Sur le plan méthodologique, deux démarches de travail ont été privilégiés :

- Un travail collectif basé sur l’approche des pratiques familiales et modèles d’enfants à travers deux questionnaires - l’un pour les parents et l’autre pour les enfants et adolescents - qui regroupent les questionnements de tous les axes de recherche par des questions ciblées selon la problématique abordée dans chaque axe.

- un travail individuel laissant à chaque chercheur le choix des outils appropriés à la problématique de son axe  telle l’approche des modèles d’enfants/adolescents et les pratiques familiales; l’approche des modèles de familles à travers l’analyse des manuels scolaires issus de la réforme ; l’approche du lien familial à travers l’analyse du rapport de la famille aux médias  et NTIC ; l’approche ethnographique des nouvelles formes familiales et leurs effets sur les rôles, statuts et relations entre les membres d’une population locale…

La problématique de notre projet, trop large au départ, a été réajustée au fur et à mesure de l’avancée dans l’approche du terrain par chaque membre de l’équipe de recherche.

Ainsi, d’autres pistes ont été explorées, ce qui a enrichi ce projet au-delà de nos espérances : les axes de recherches ont abordé des thèmes variés (les modèles de parents, les modèles d’enfants, les pratiques éducatives, les modèles dans les livres scolaires, les pratiques familiales face au NTICs, etc.). D’autre part, plusieurs catégories de population ont été étudié (parents de familles, femmes travailleuses, étudiants, adolescents, personnes âgées, enfants privés de famille). Ce souci de diversification de thèmes et de populations était dicté non seulement par l’ampleur de sujet étudié, mais aussi pour mettre en valeur un travail collectif d’une équipe de recherche pluridisciplinaire. Notre objectif commun visait, avant tout, à approcher le changement social et ses effets sur la famille.

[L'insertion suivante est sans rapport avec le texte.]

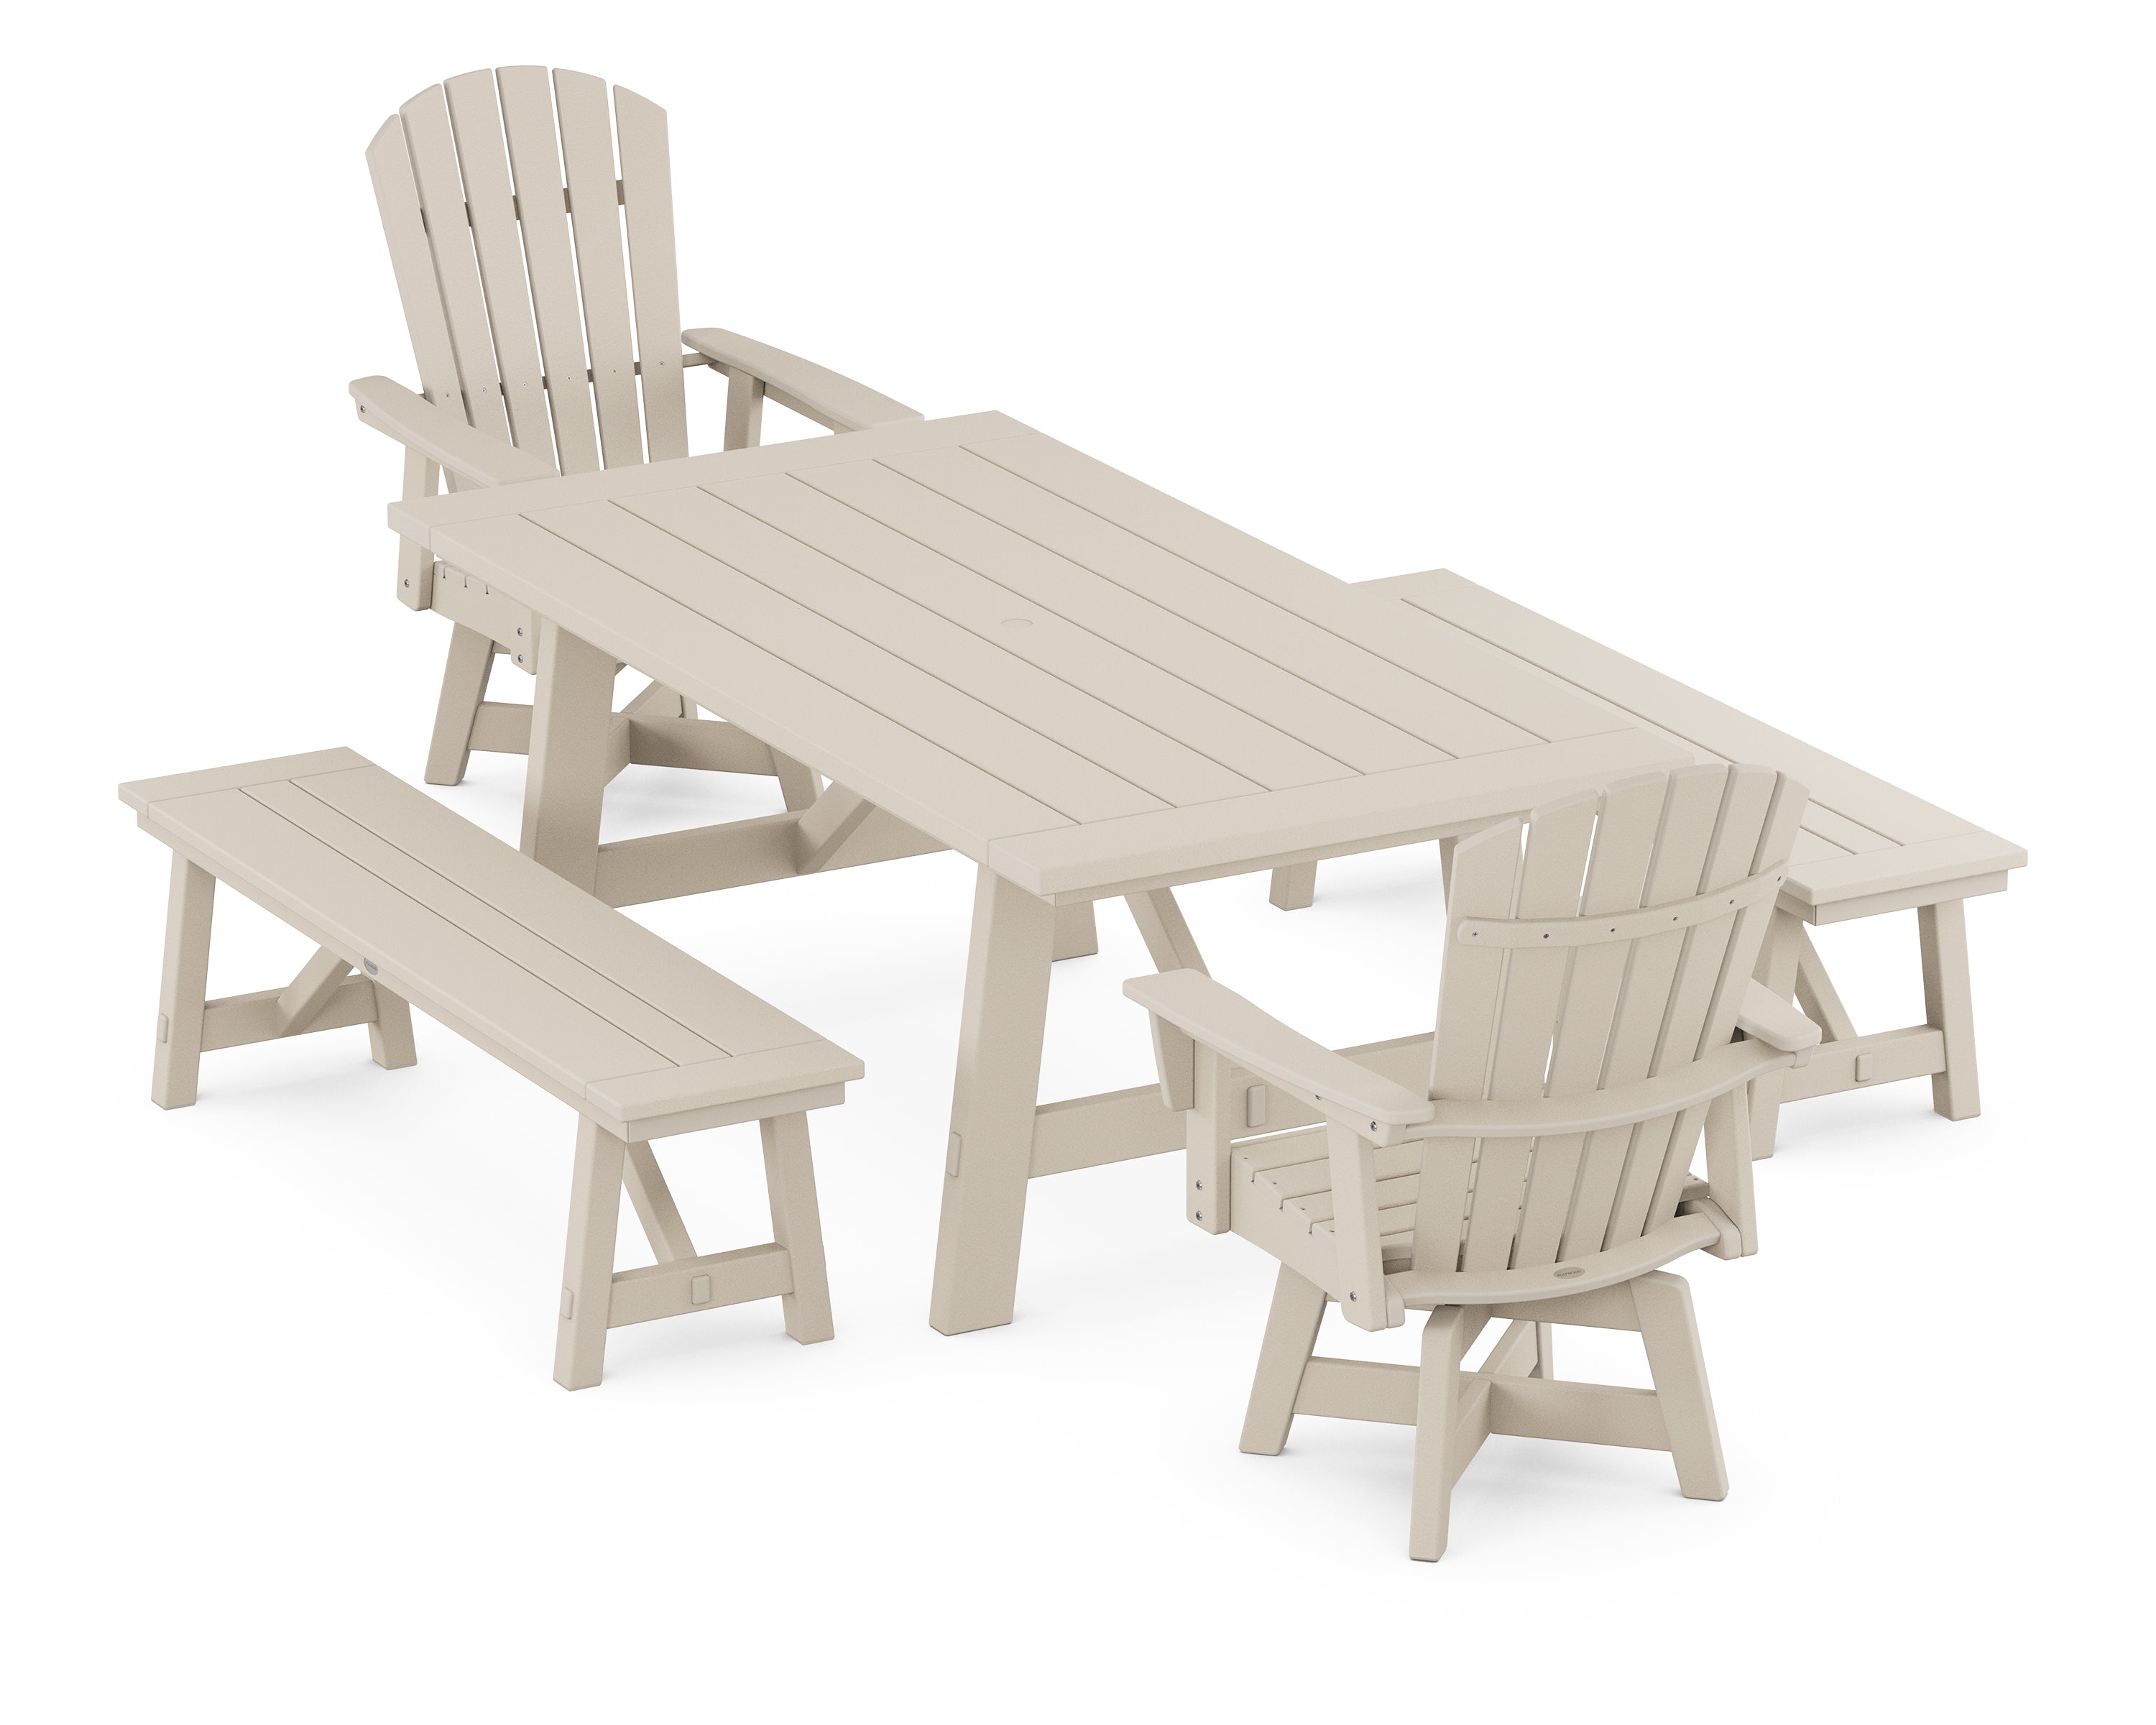 POLYWOOD® Nautical Curveback Adirondack Swivel Chair 5-Piece Rustic Farmhouse Dining Set With Benches in Sand

Le premier chapitre présente les résultats de l’enquête commune à tous les axes et qui a porté sur 150 ménages à Oran. Ont été enquêtés les parents et leurs enfants âgés de 10 à 18 ans.

Les autres chapitres sont consacrés aux travaux réalisés par chaque axe et, à la fin, une synthèse générale et des conclusions clôtureront cet ouvrage.  


Notes

[1] a) Benghabrit-Remaoun, N. (dir.), Famille et intégration socioéconomique. CRASC/MDCFCF, 2004. b) Revue INSANIYAT :« Familles d’hier et d’aujourd’hui »,  n°4, Janvier-avril, 1998. c) Benghabrit-Remaoun, N. (dir.),  Femmes et développement, Oran,  CRASC, 1995. d) Violence à l’égard des femmes en Algérie, MDCFCF/CRASC, 2006. e) Stratégie nationale de la famille, SNAFAM, 2010, MDCFCF/CRASC ; Benamar, A. (s.c), Ecole, Famille : quels modèles éducatifs, cahier du CRASC, n°25, 2012.

Voir également : « Changements familiaux, changements sociaux », Actes du 3ème colloque. Département de sociologie. 20, 21 Janvier 2004, Le Lien, n°3, Alger, 2006.